R&D: Six Recent Articles on DNA Data Storage Technologies and Solutions

R&D: CECLD, Classification Error Correction based on Levenshtein Distance in DNA Data Storage

Experimental results show that the CECLD algorithm efficiently corrects errors in sequences of varying lengths, with total channel error rate of 2.1 % and bit rate below 58.0 %.

Expert Systems with Applications has published an article written by Shufang Zhang, Ming Luo, Penghao Wang, School of Electrical and Information Engineering, Tianjin University, Tianjin, 300072, China, Bingzhi Li, School of Synthetic Biology and Biomanufacturing, Tianjin University, Tianjin, 300072, China, and State Key Laboratory of Synthetic Biology and Frontiers Science Center for Synthetic Biology, Tianjin, 300072, China, and Huaqing Yang, School of Electrical and Information Engineering, Tianjin University, Tianjin, 300072, China.

Abstract: “With the global data volume increasing rapidly, DNA molecules are envisioned as a future solution for massive data storage due to their high density and longevity. In the biochemical process of DNA data storage, indel (insertion and deletion) errors have a greater impact on data accuracy than substitution errors. Although various error correction schemes have been proposed, there are still problems of low efficiency in correcting indel errors and the high redundancy required for data recovery. Therefore, this paper proposes a classification error correction method based on Levenshtein distance, named CECLD. It requires an error classification model with a neural network structure to evaluate Levenshtein distance features and identify errors. The inferred error types are then used to correct indel errors, effectively eliminating nucleotide misalignments. Using this error classification model, errors in the address or payload are sequentially corrected with CRC16 decoding or RS decoding. The experimental results show that the CECLD algorithm efficiently corrects errors in sequences of varying lengths, with a total channel error rate of 2.1 % and a bit rate below 58.0 %. The required redundancy is lower than that of the existing error correction method, which will significantly facilitate the widespread adoption of DNA data storage.“

R&D: Neural Polar Decoders for DNA Data Storage

Authors propose a data-driven approach based on neural polar decoders (NPDs) to design low-complexity decoders for channels with synchronization errors.

ArXiv has published an article written by Ziv Aharoni, and Henry D. Pfister, Department of Electrical and Computer Engineering, Duke University, USA.

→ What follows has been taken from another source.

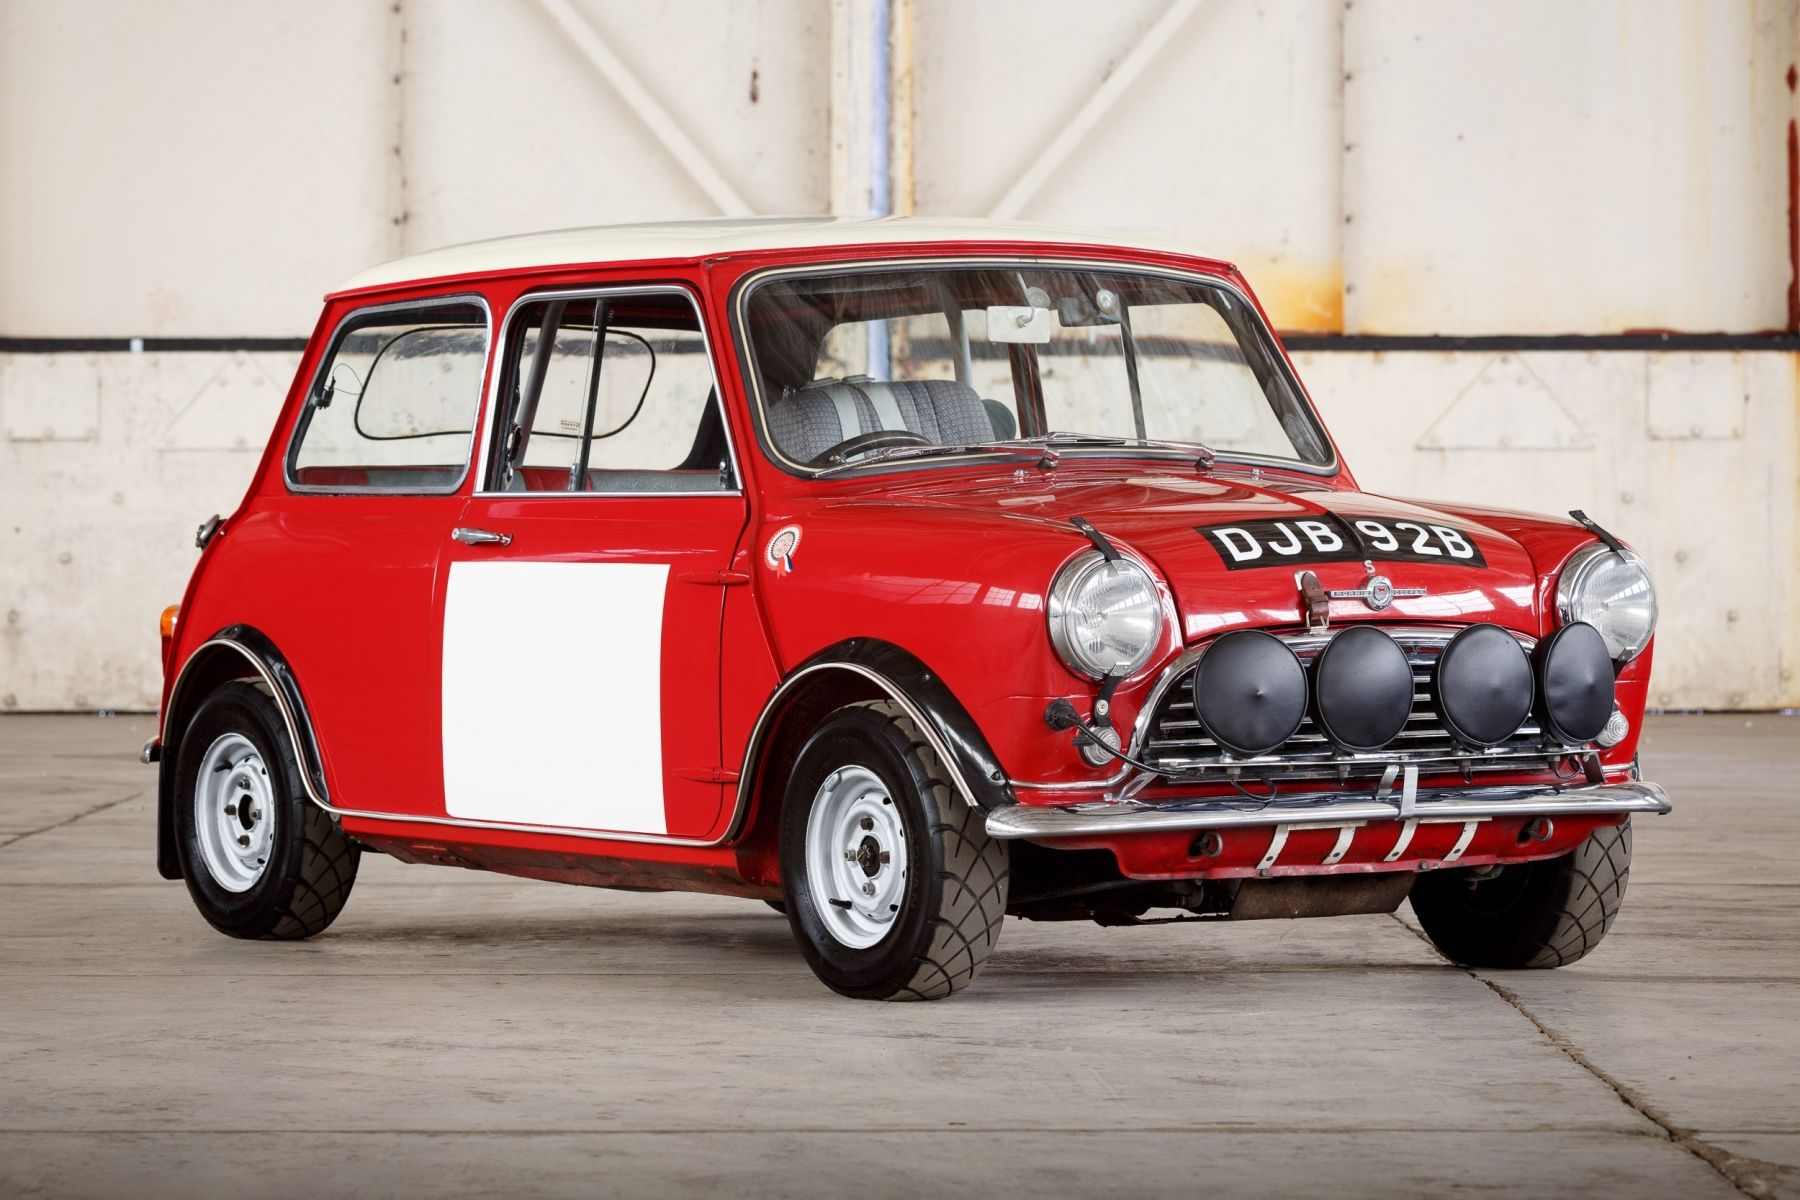 1964 Morris Mini Cooper S Bmc Works Compeion Clic Driver Market
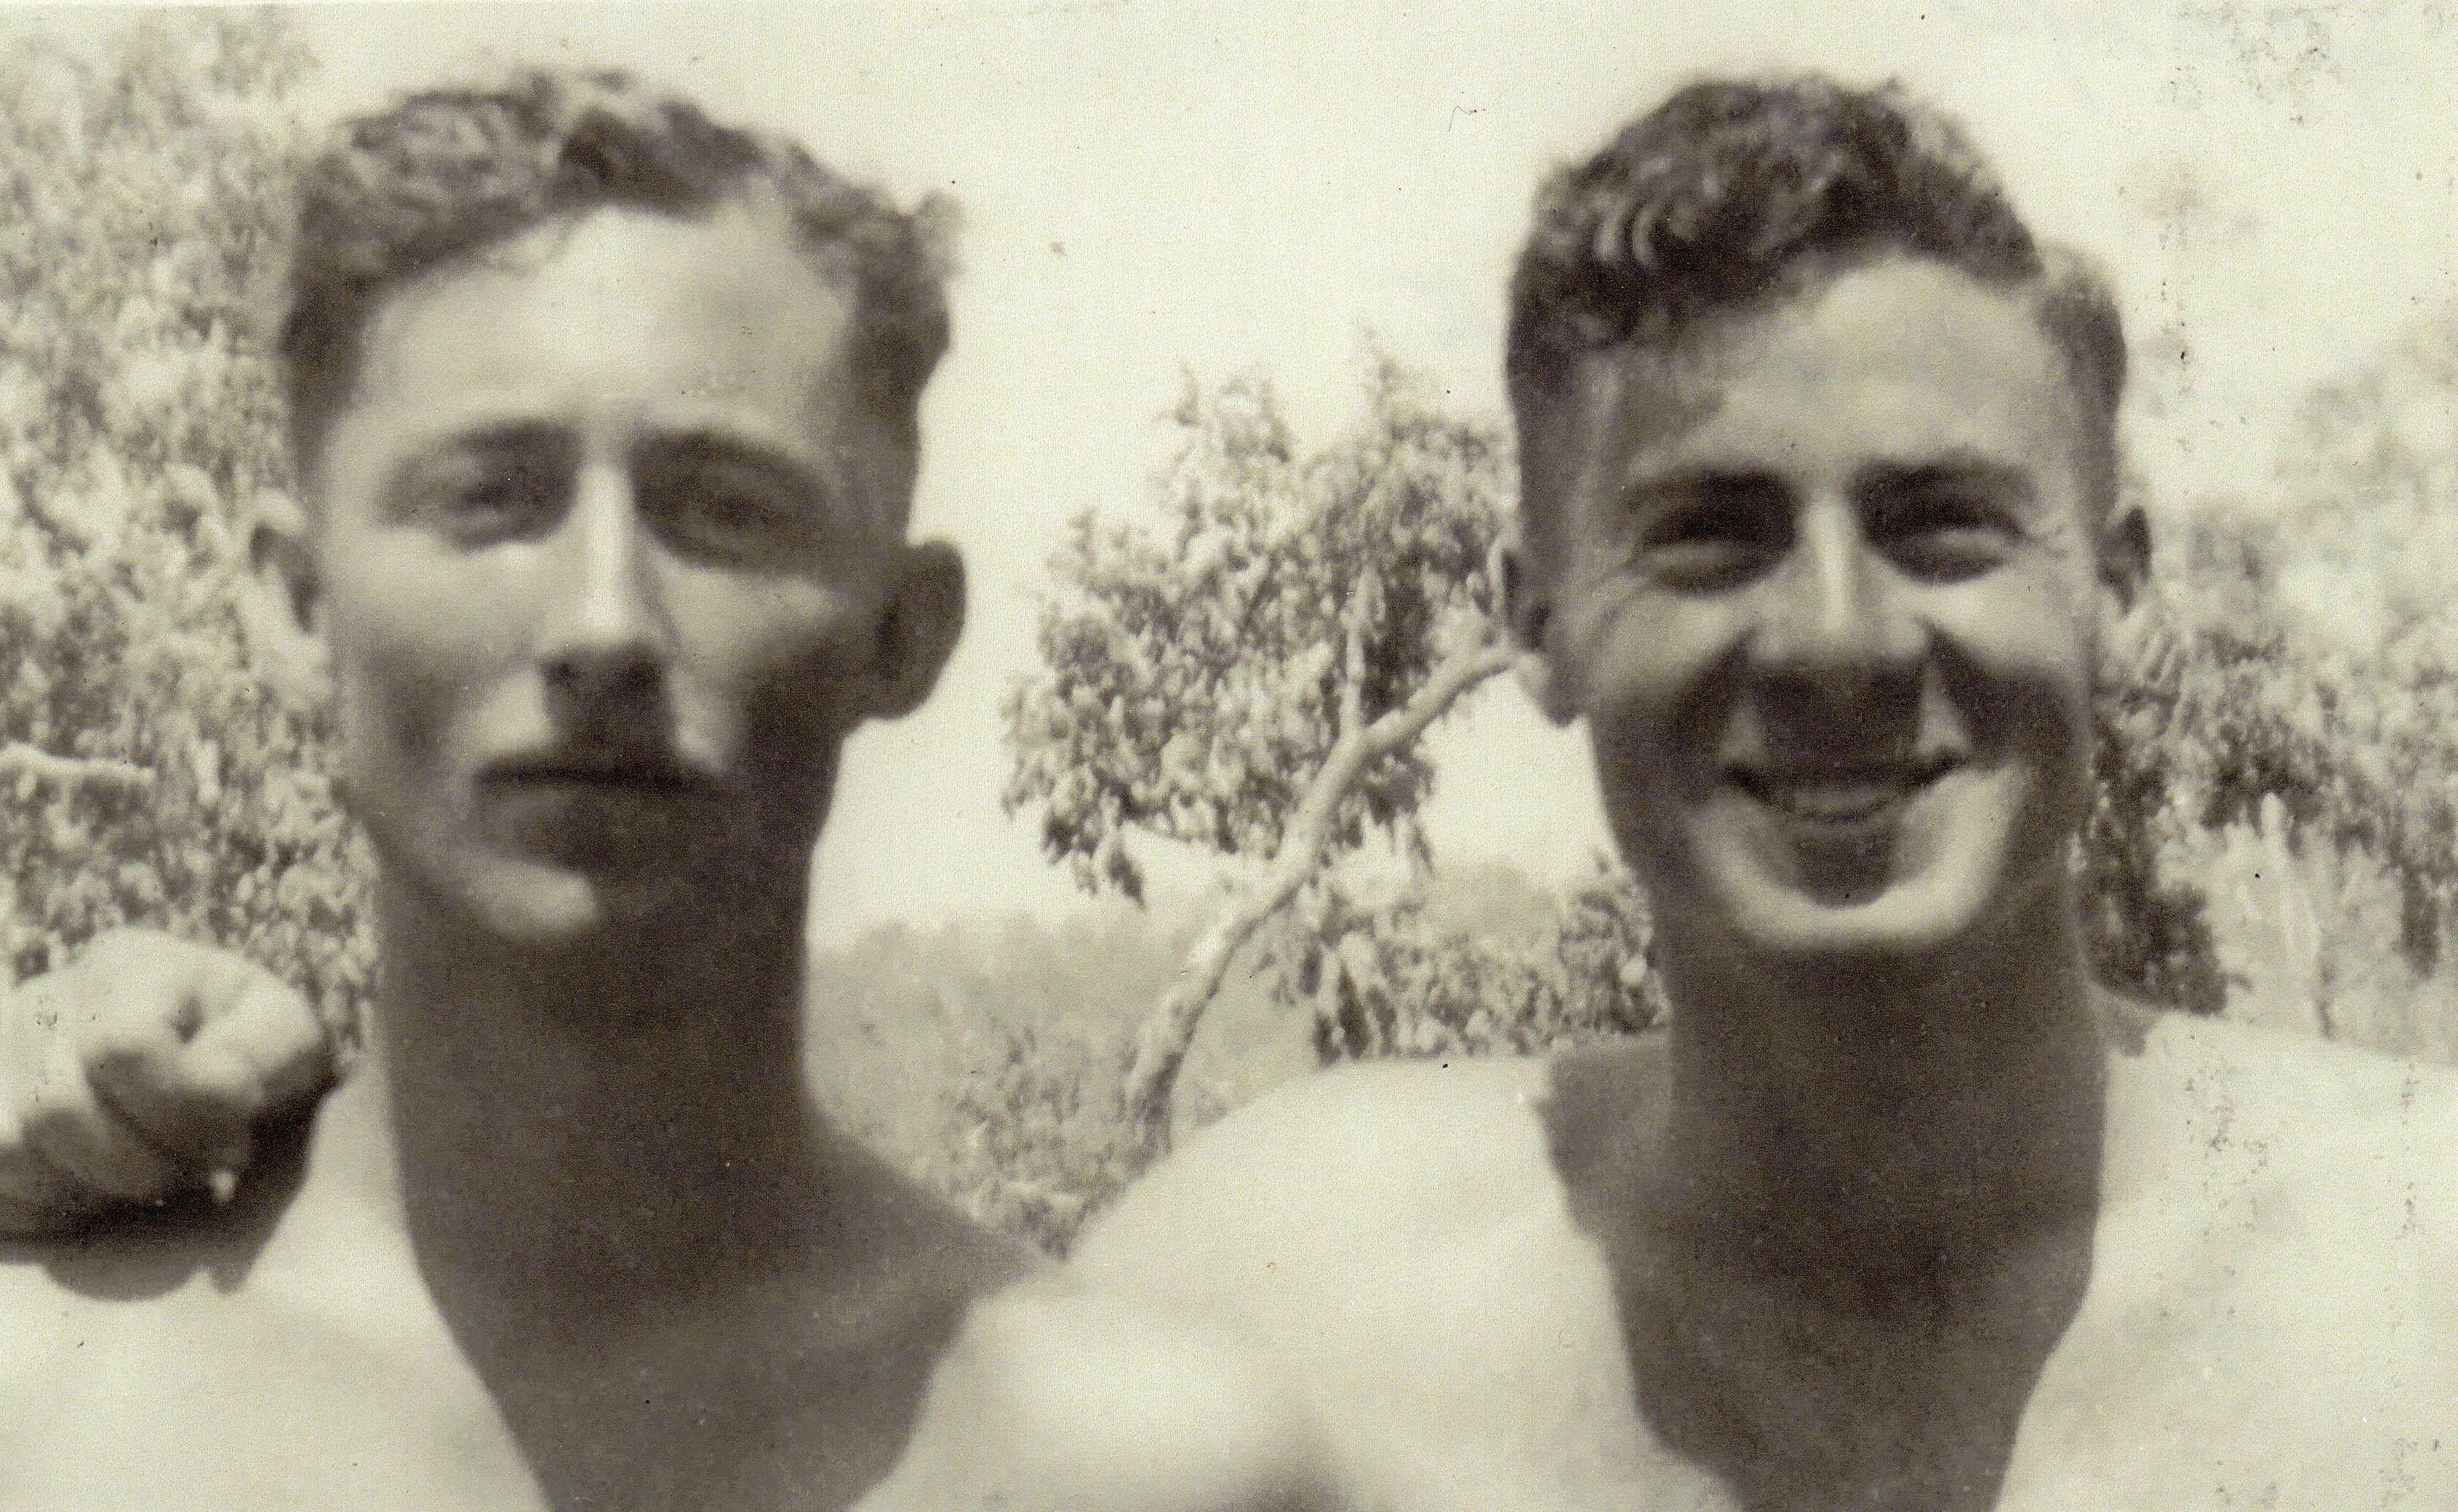 Smith and Kerrigan

Abstract: “Synchronization errors, such as insertions and deletions, present a fundamental challenge in DNA-based data storage systems, arising from both synthesis and sequencing noise. These channels are often modeled as insertion-deletion-substitution (IDS) channels, for which designing maximum-likelihood decoders is computationally expensive. In this work, we propose a data-driven approach based on neural polar decoders (NPDs) to design low-complexity decoders for channels with synchronization errors. The proposed architecture enables decoding over IDS channels with reduced complexity O(ANlogN), where A is a tunable parameter independent of the channel. NPDs require only sample access to the channel and can be trained without an explicit channel model. Additionally, NPDs provide mutual information (MI) estimates that can be used to optimize input distributions and code design. We demonstrate the effectiveness of NPDs on both synthetic deletion and IDS channels. For deletion channels, we show that NPDs achieve near-optimal decoding performance and accurate MI estimation, with significantly lower complexity than trellis-based decoders. We also provide numerical estimates of the channel capacity for the deletion channel. We extend our evaluation to realistic DNA storage settings, including channels with multiple noisy reads and real-world Nanopore sequencing data. Our results show that NPDs match or surpass the performance of existing methods while using significantly fewer parameters than the state-of-the-art. These findings highlight the promise of NPDs for robust and efficient decoding in DNA data storage systems.“

R&D: Sequence Analysis and Decoding with Extra Low-quality Reads for DNA Data Storage

Proposed methods reduced the reading cost by 6.83% on average and up to 19.67% while maintaining the writing cost.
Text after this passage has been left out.